Sampling with replacement (replace=True) is used in two distinct contexts:
Theoretical convenience. Classical statistical theory (including the Central Limit Theorem in its standard form) is derived under the assumption of independent and identically distributed (i.i.d.) observations. Draws with replacement are exactly i.i.d. by construction. Draws without replacement are not, because each draw changes the composition of the remaining pool. When the population is very large relative to the sample size (as it is here: 30 out of 7 million), the dependence introduced by sampling without replacement is negligible and the i.i.d. approximation holds to an excellent degree. This is formalised by the finite population correction factor, which quantifies how much the variance of the sample mean is reduced when sampling without replacement: it equals
1 - n/N, which here is1 - 30/7,000,000 ≈ 1. The correction is essentially invisible at this scale. Precisely, the variance of the sample mean when sampling without replacement is given by:\[\text{Var}(\bar{x}) = \frac{\sigma^2}{n} \times \frac{N-n}{N-1}\]
where the term \(\frac{N-n}{N-1}\) is the finite population correction factor. In our case, with \(n=30\) and \(N \approx 7,000,000\), this factor equals approximately \(0.9999996\), which is why the correction is essentially invisible.
The bootstrap. Resampling with replacement from an observed sample is the foundation of the bootstrap method (Efron, 1979).
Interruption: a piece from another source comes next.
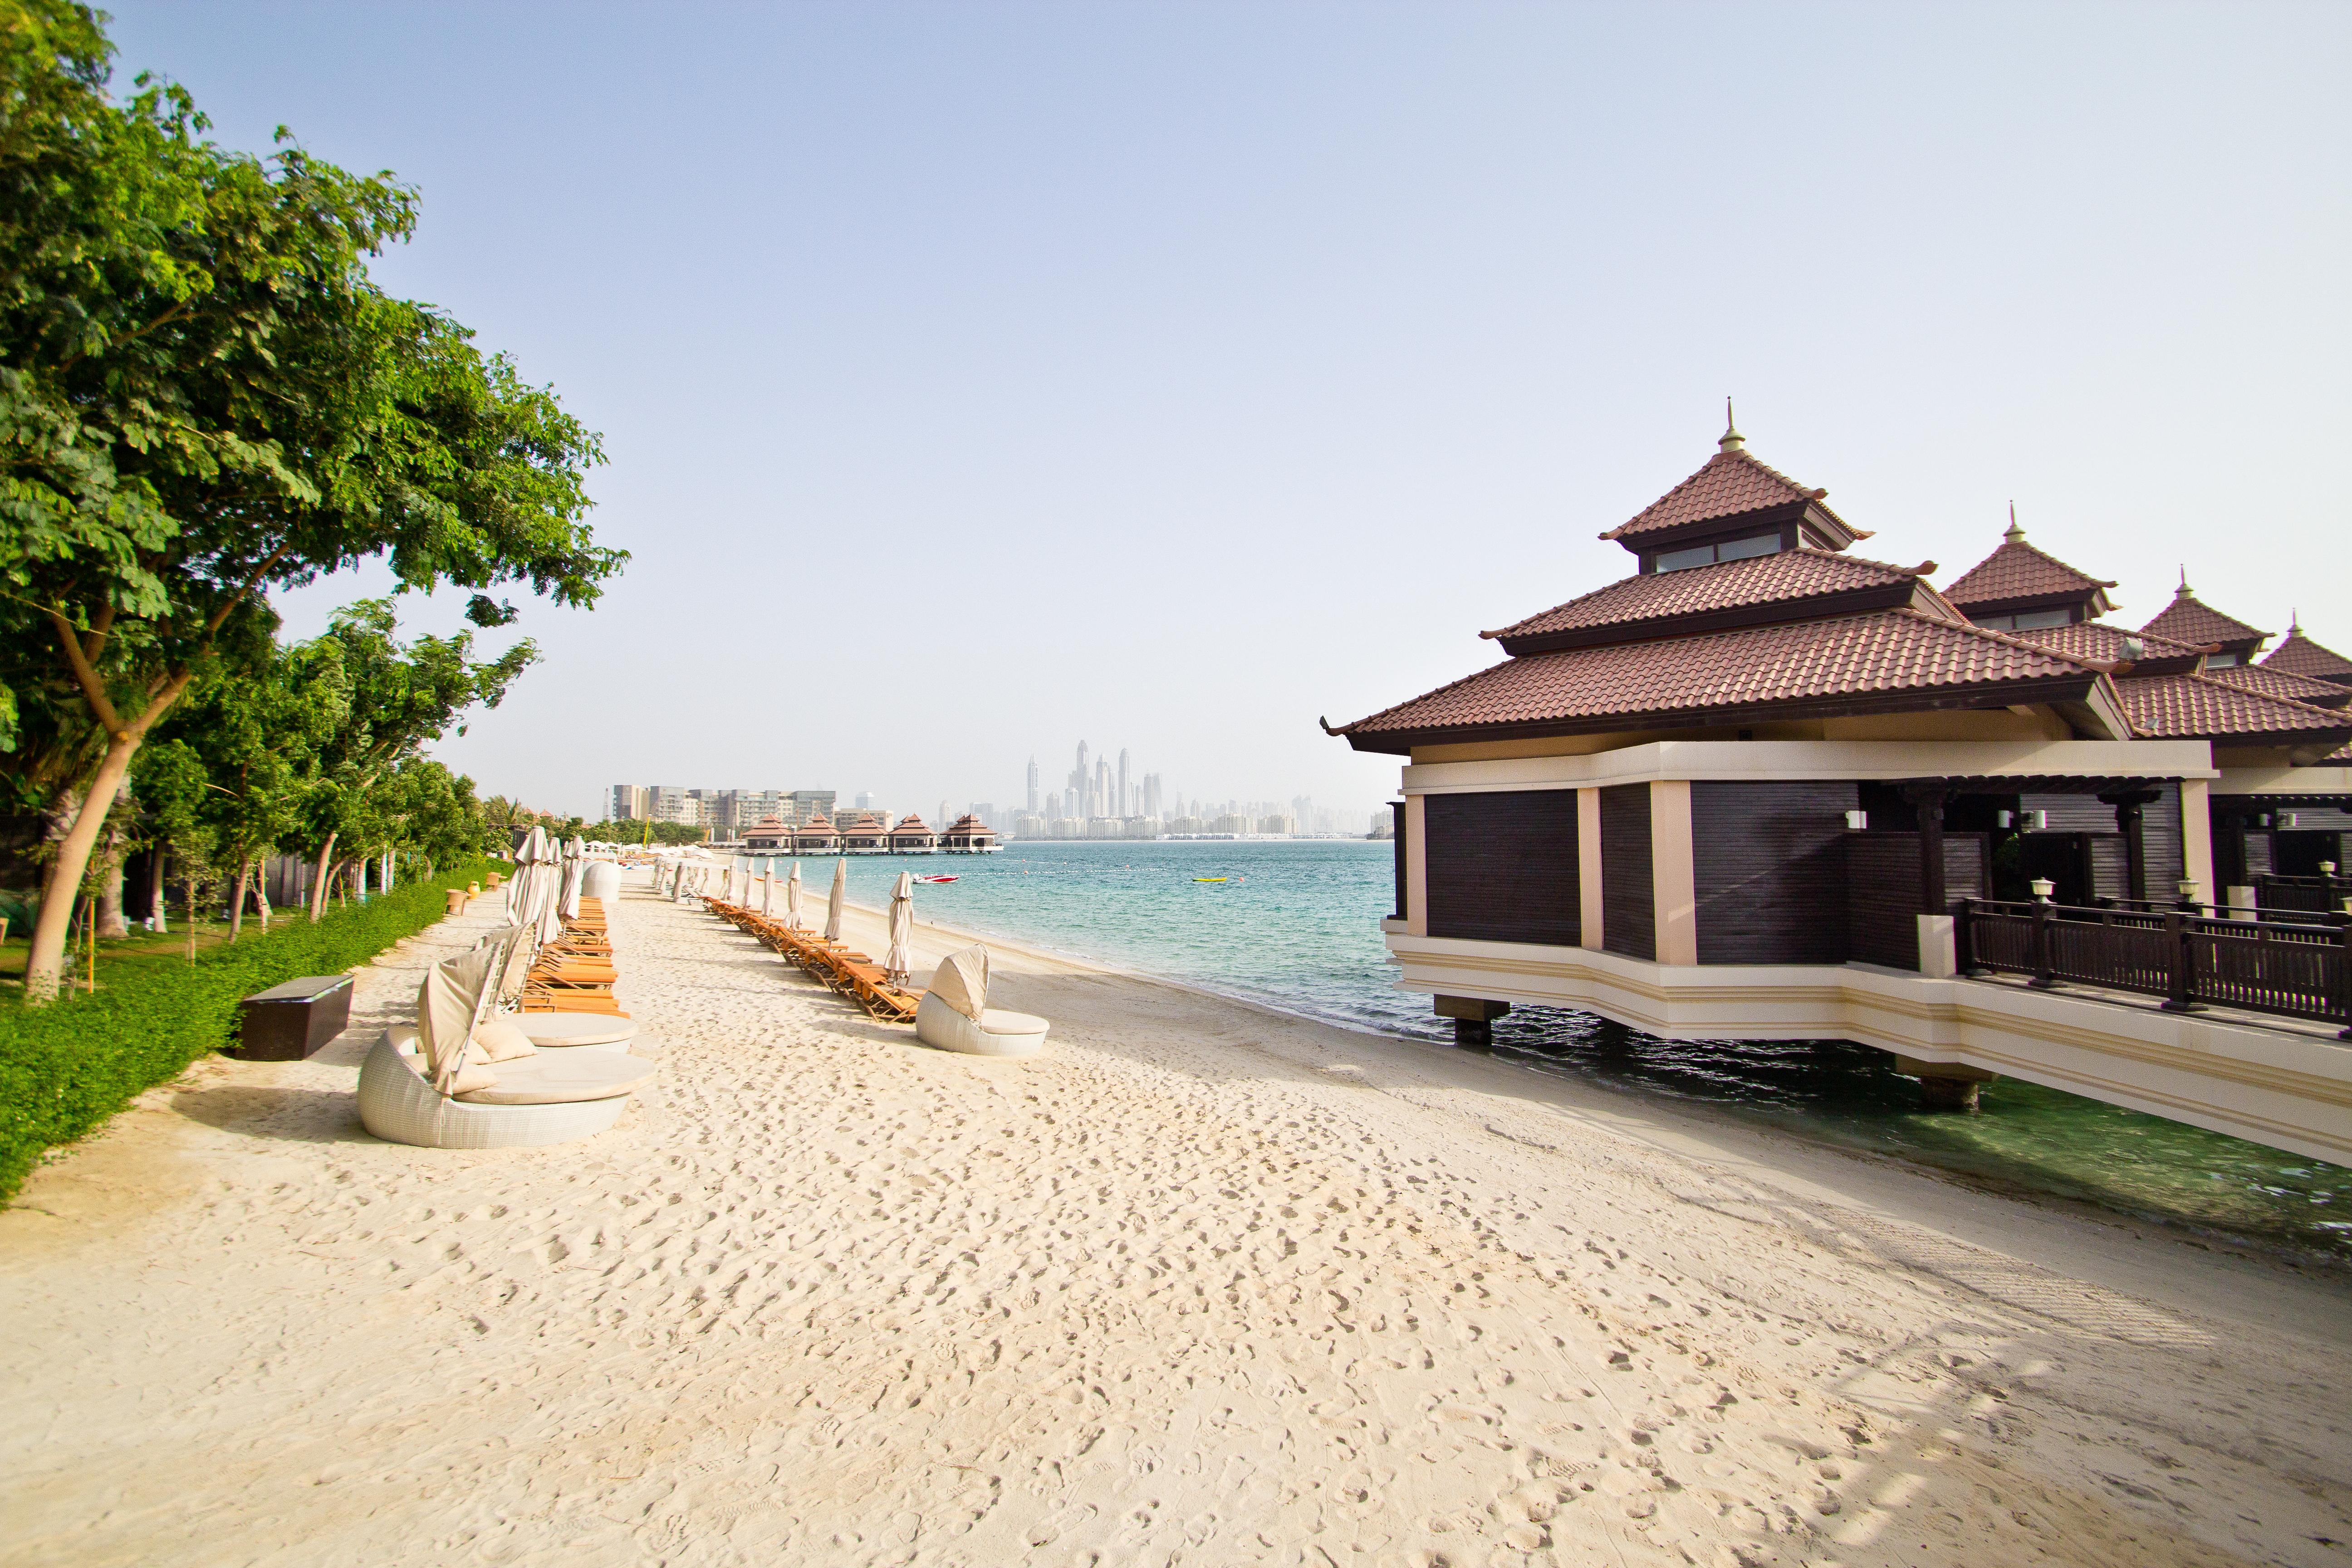 dubai_anantara_dubai_the_palm_resort_spa_hotel_beach_reiseblog_travelblog_14

The key idea is that the observed sample is treated as a proxy for the population, and repeated resampling from it with replacement simulates the variability one would see across repeated draws from the true population. In this context, replacement is not an approximation but it is the mechanism that makes the method work.
For this notebook, replace=False is the right choice. The i.i.d. assumption holds to an excellent approximation given the ratio of sample size to population size, so the theoretical results we derive will apply without modification.
n = 30
sample = rng.choice(population, size=n, replace=False)
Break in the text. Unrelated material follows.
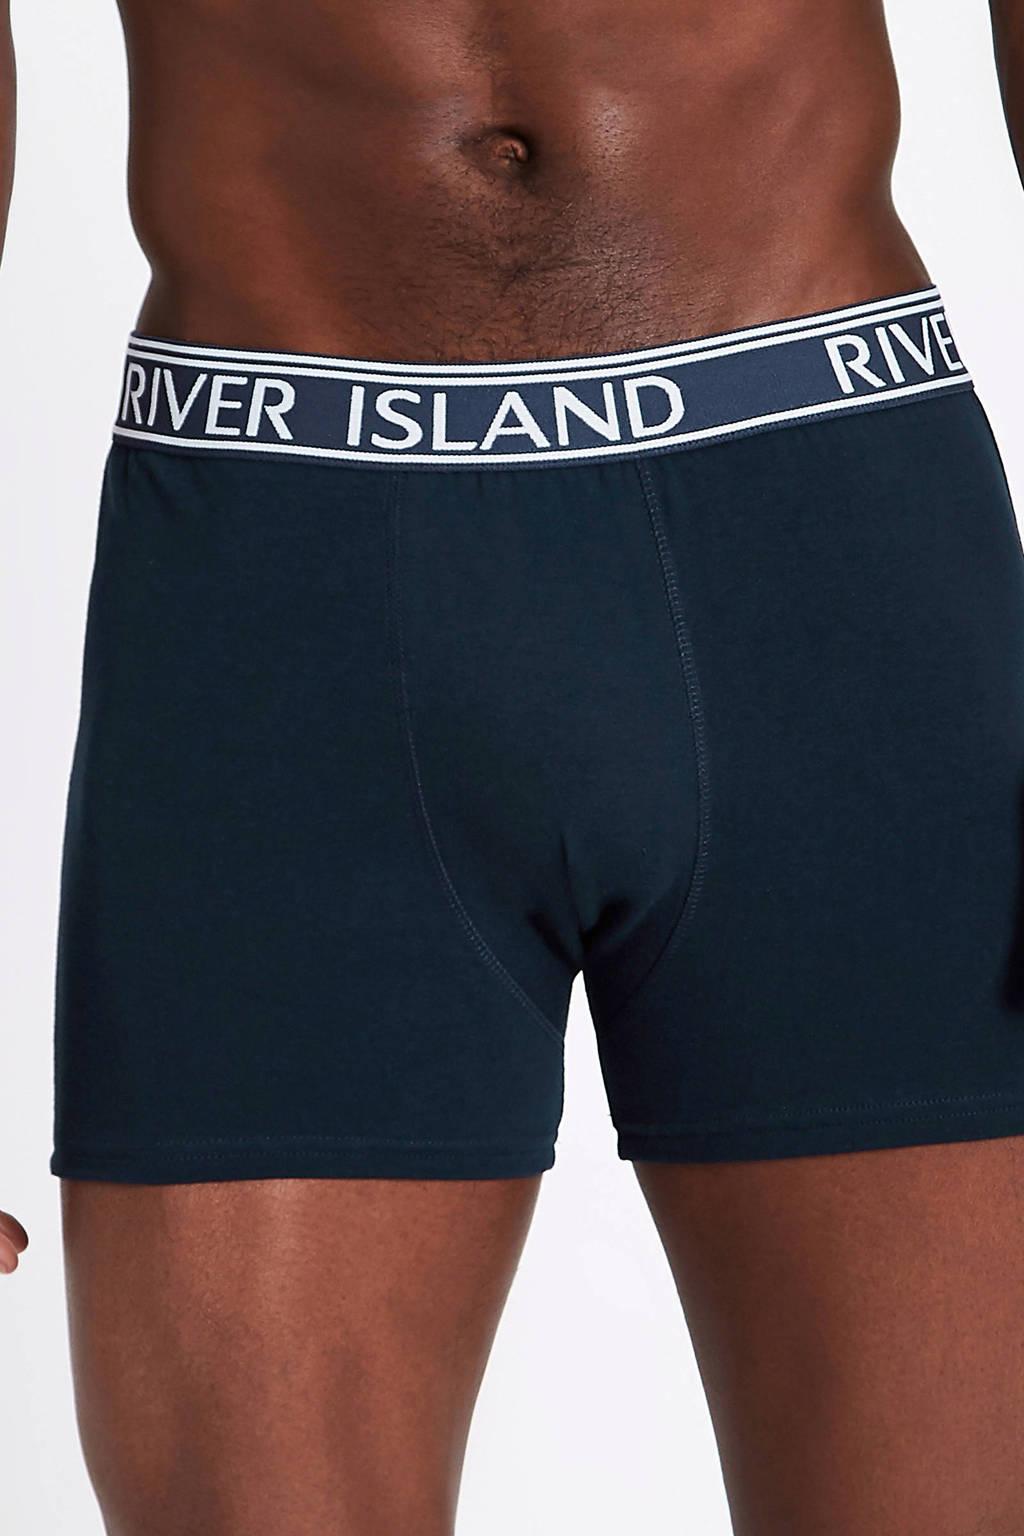 River Island boxershort (set van 5), Blauw/zwart/wit

sample_mean = sample.mean()
sample_std = sample.std(ddof=1)
print(f"Sample size : {n}")
print(f"Sample mean : {sample_mean:.4f} cm (true mean : {pop_mean:.4f} cm)")
print(f"Sample std : {sample_std:.4f} cm (true std : {pop_std:.4f} cm)")
print(f"Difference in mean : {abs(sample_mean - pop_mean):.4f} cm")Sample size : 30
Sample mean : 171.8113 cm (true mean : 170.0042 cm)
Sample std : 8.9356 cm (true std : 9.9975 cm)
Difference in mean : 1.8071 cm4. Repeating the draw: the sampling distribution of the mean
A single sample gives us one estimate of the mean. But if we repeated the study, i.e. drawing a fresh sample of \(n\) observations each time, we would get a different estimate every time. The collection of all these estimates forms the sampling distribution of the mean.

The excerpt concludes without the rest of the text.